Le sérieux absolu de son explication, ainsi que les circonstances incongrues dans lesquelles il la délivre, m’arrache un rire nerveux.
— L’histoire semble vous passionner !
— Je ne fais que répéter ce que j’ai entendu mon père ressasser pendant des années.
Sa voix tremble un peu, comme à chaque fois qu’il évoque le vétéran. Je réprime un soupir : j’espère que Célestin, en constatant notre absence prolongée, n’a pas pris le risque de quitter sa retraite.
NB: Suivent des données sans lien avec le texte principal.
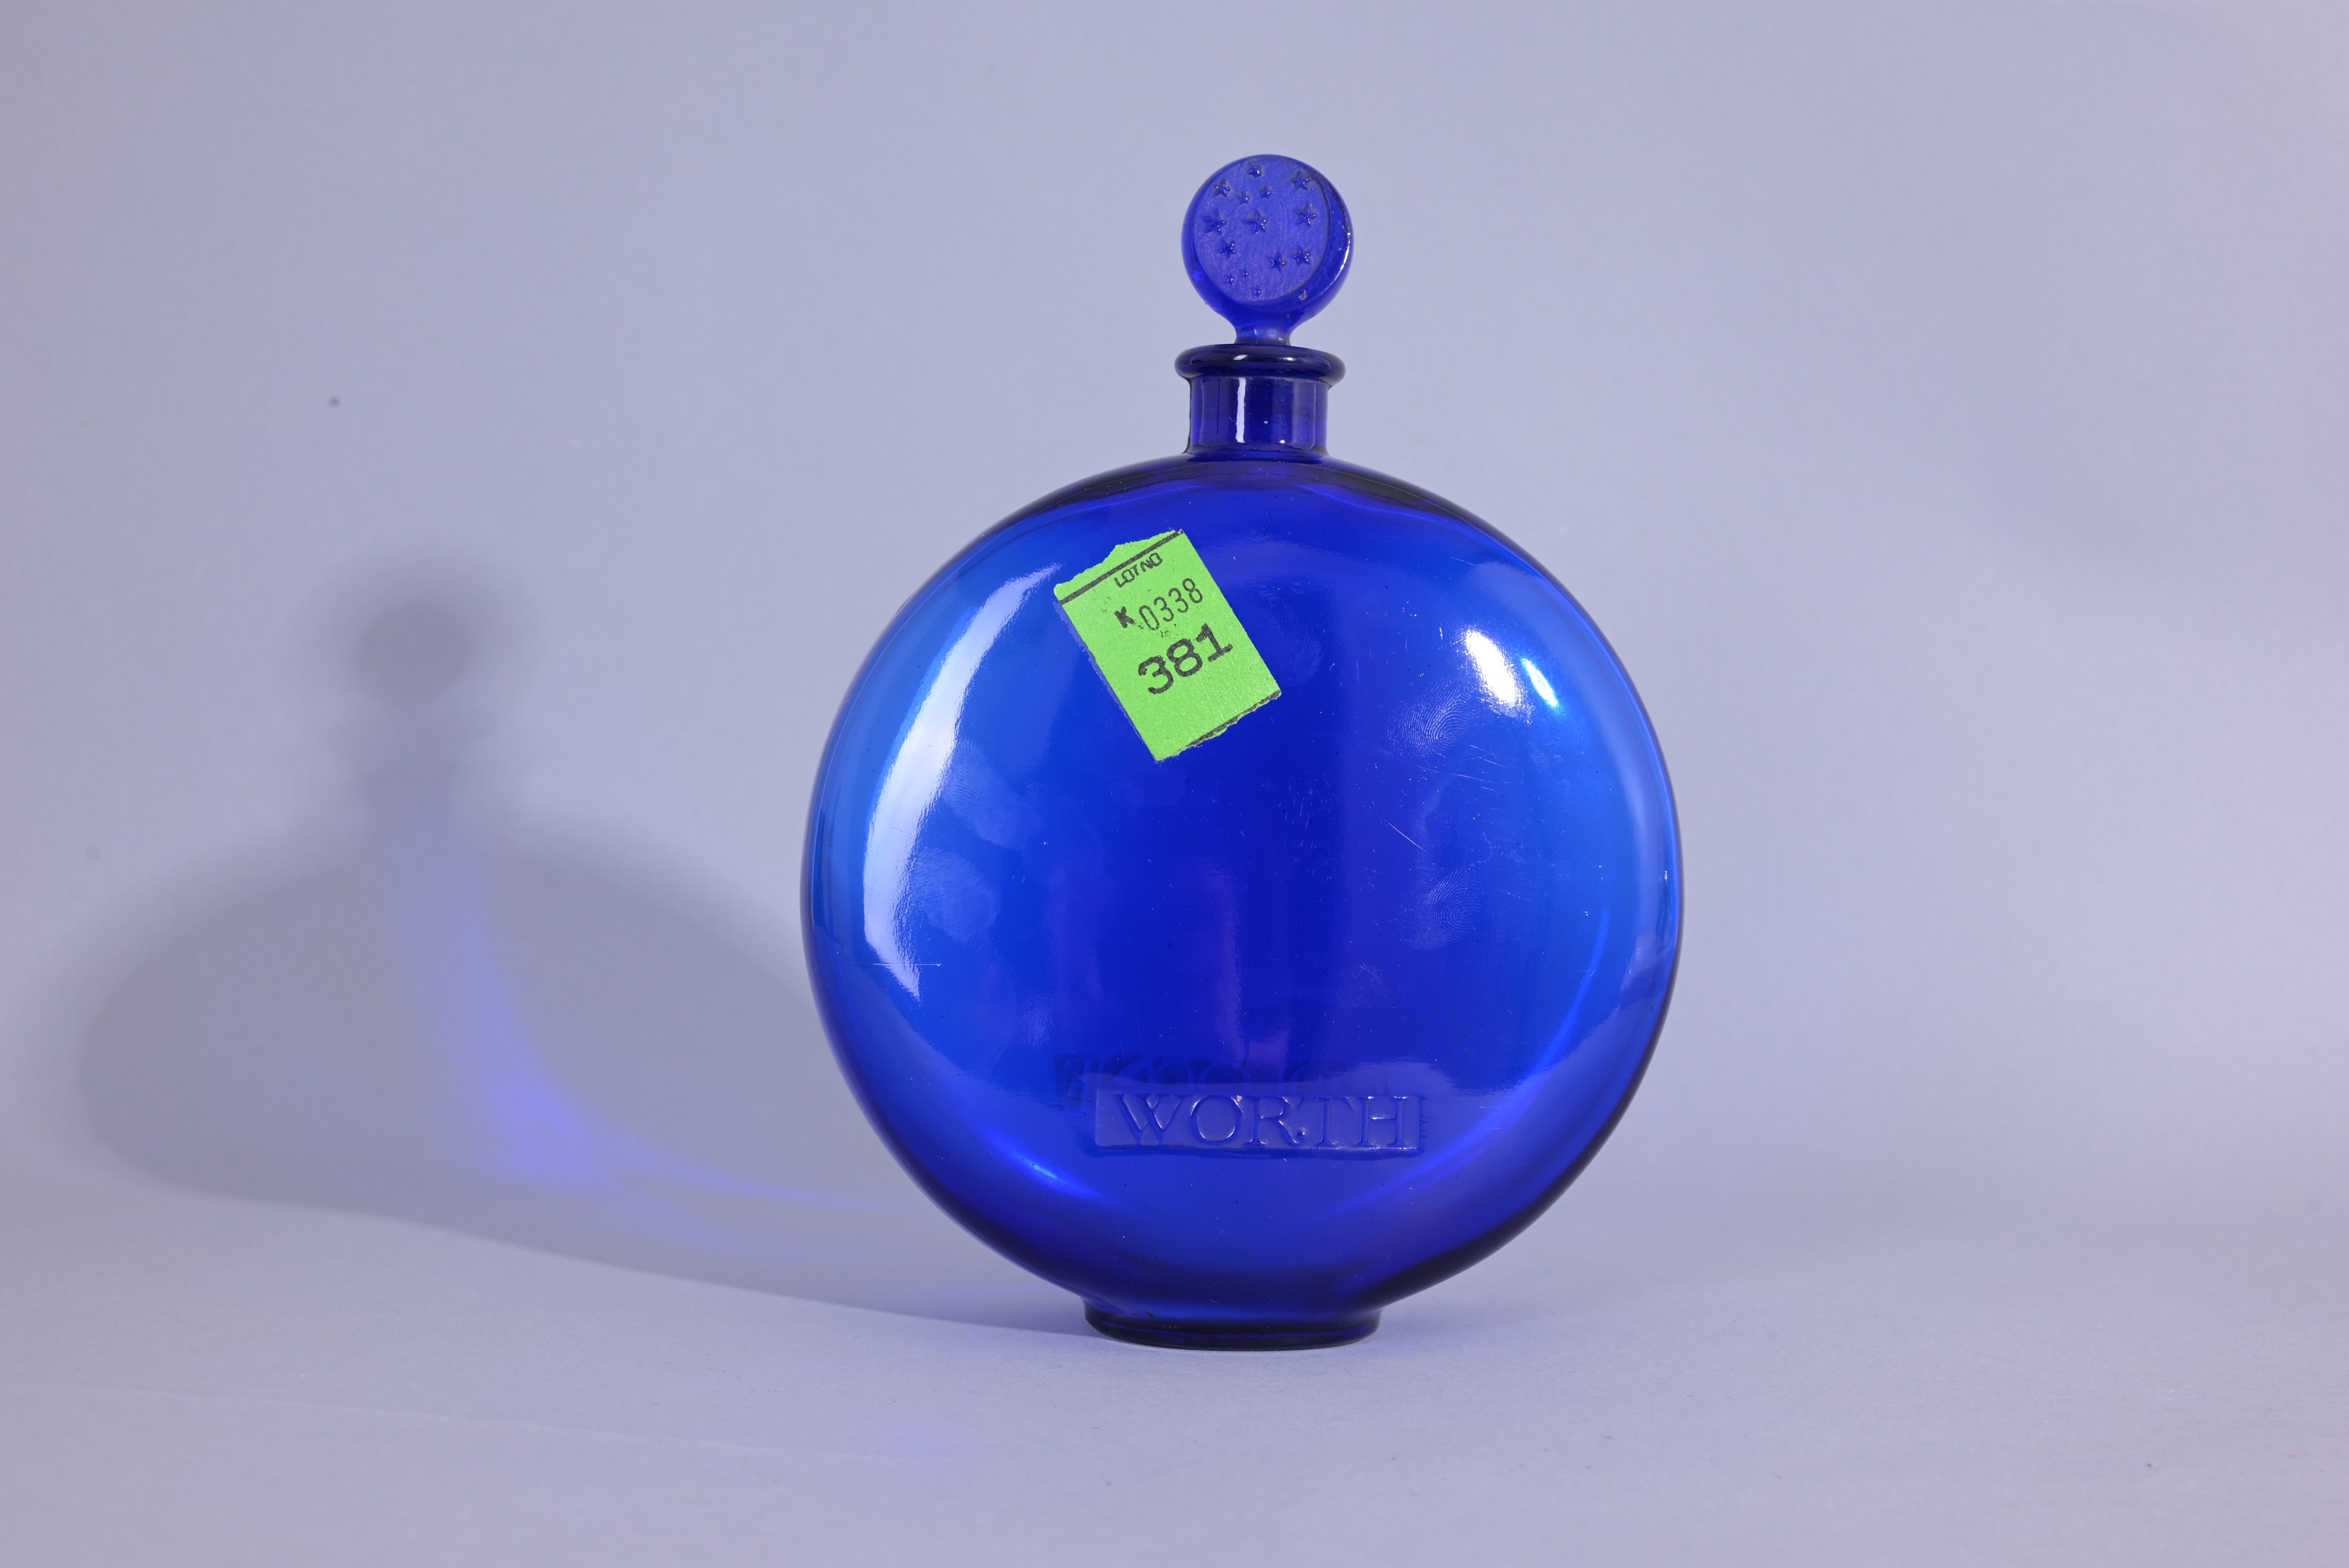 R. Lalique "Dans La Nuit" Glass Perfume Bottle - Image 2 of 7

L’examen rapide des autres cavités révèle le même genre d’occupants. À mon grand soulagement, nous ne trouvons aucun enfant parmi ces cadavres macérant dans le liquide. Alors que nous parvenons dans une zone où les tombes sont vides, parfois inachevées, ma main attrape la manche de Charles :
— De quoi sont-ils morts, à votre avis ?
— Difficile à déterminer. Je n’ai pas vu de traces de violences, mais cela ne veut pas dire pour autant que leur décès a été naturel.
Je reviens auprès d’un des derniers corps médiévaux, celui d’un homme vêtu de haillons, et braque le rayon de la torche sur les restes racornis, à la recherche d’un signe d’agression. C’est alors que je remarque un cordon à peine visible, serré autour du cou décharné.